Check is a point (x,y) is between two points drawn on a straight line

I have drawn a line between two points A(x,y)---B(x,y) Now I have a third point C(x,y). I want to know that if C lies on the line which is drawn between A and B. I want to do it in java language. I have found couple of answers similar to this. But, all have some problems and no one is perfect.
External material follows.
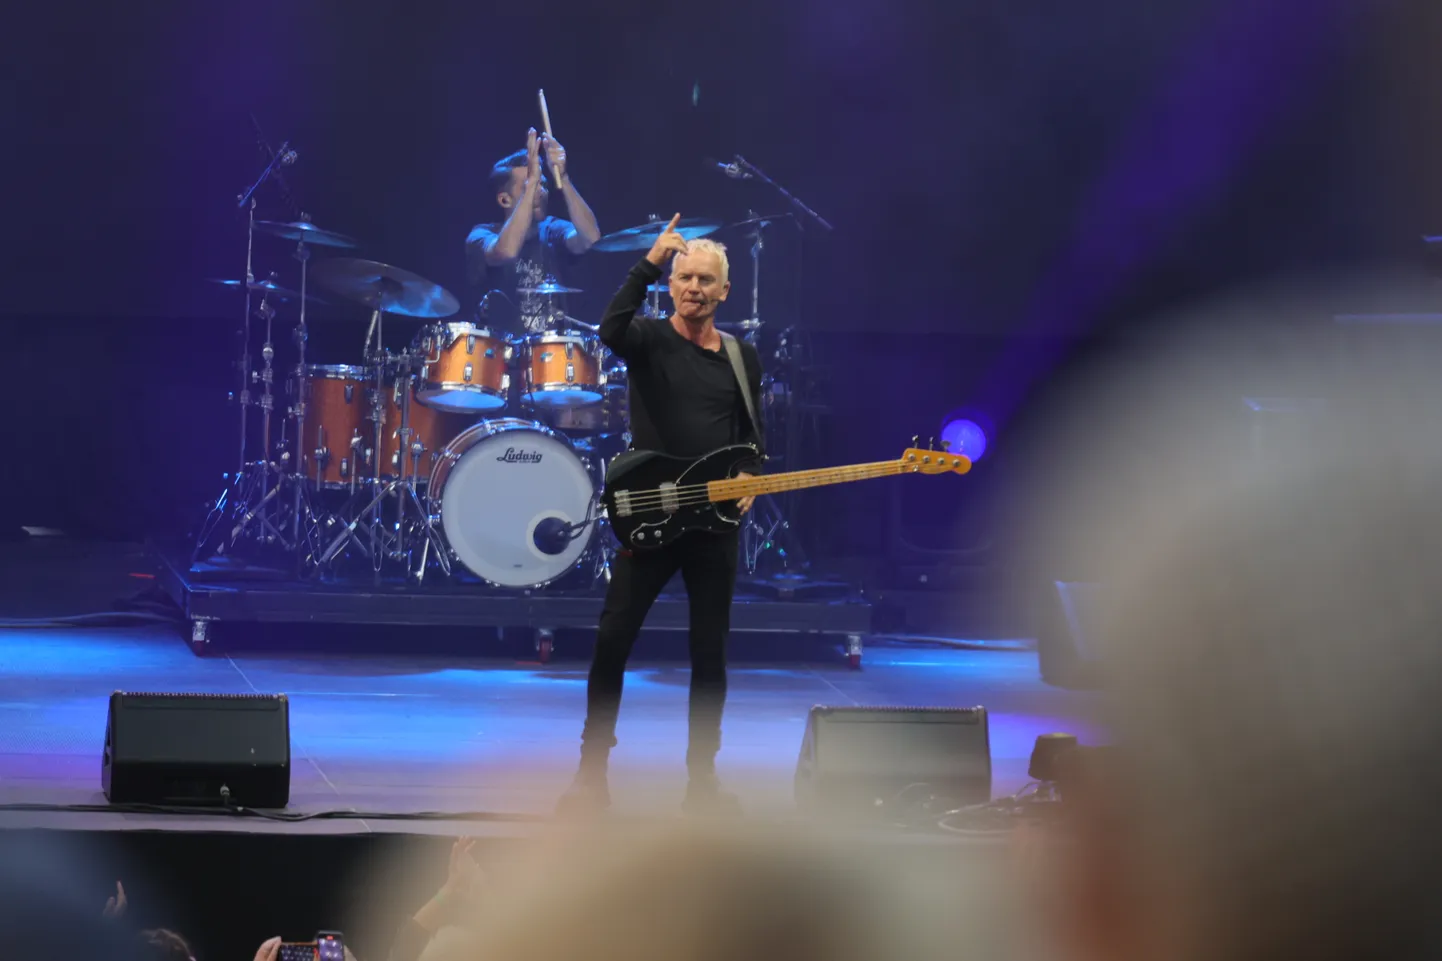 Stingi kontsert Tartu lauluväljakul pani kuulajad puusi õõtsutama, kuid kõvasti kaasa laulma ei hakatud.

if (distance(A, C) + distance(B, C) == distance(A, B))
    return true; // C is on the line.
return false;    // C is not on the line.

or just:

return distance(A, C) + distance(B, C) == distance(A, B);

The way this works is rather simple. If C lies on the AB line, you'll get the following scenario:

A-C------B

and, regardless of where it lies on that line, dist(AC) + dist(CB) == dist(AB). For any other case, you have a triangle of some description and 'dist(AC) + dist(CB) > dist(AB)':

A-----B
 \   /
  \ /
   C

In fact, this even works if C lies on the extrapolated line:

C---A-------B

provided that the distances are kept unsigned. The distance dist(AB) can be calculated as:

  ___________________________
 /           2              2
V (A.x - B.x)  + (A.y - B.y)

Keep in mind the inherent limitations (limited precision) of floating point operations. It's possible that you may need to opt for a "close enough" test (say, less than one part per million error) to ensure correct functioning of the equality.

ATTENTION! Math-only!

You can try this formula. Put your A(x1, y1) and B(x2, y2) coordinates to formula, then you'll get something like

y = k*x + b; // k and b - numbers

Then, any point which will satisfy this equation, will lie on your line. To check that C(x, y) is between A(x1, y1) and B(x2, y2), check this: (x1<x<x2 && y1<y<y2) || (x1>x>x2 && y1>y>y2).

Example

A(2,3) B(6,5)

The equation of line:

(y - 3)/(5 - 3) = (x - 2)/(6 - 2)
(y - 3)/2 = (x - 2)/4
4*(y - 3) = 2*(x - 2)
4y - 12 = 2x - 4
4y = 2x + 8
y = 1/2 * x + 2; // equation of line. k = 1/2, b = 2;

Let's check if C(4,4) lies on this line.

2<4<6 & 3<4<5 // C between A and B

Now put C coordinates to equation:

4 = 1/2 * 4 + 2
4 = 2 + 2 // equal, C is on line AB

PS: as @paxdiablo wrote, you need to check if line is horizontal or vertical before calculating. Just check

y1 == y2 || x1 == x2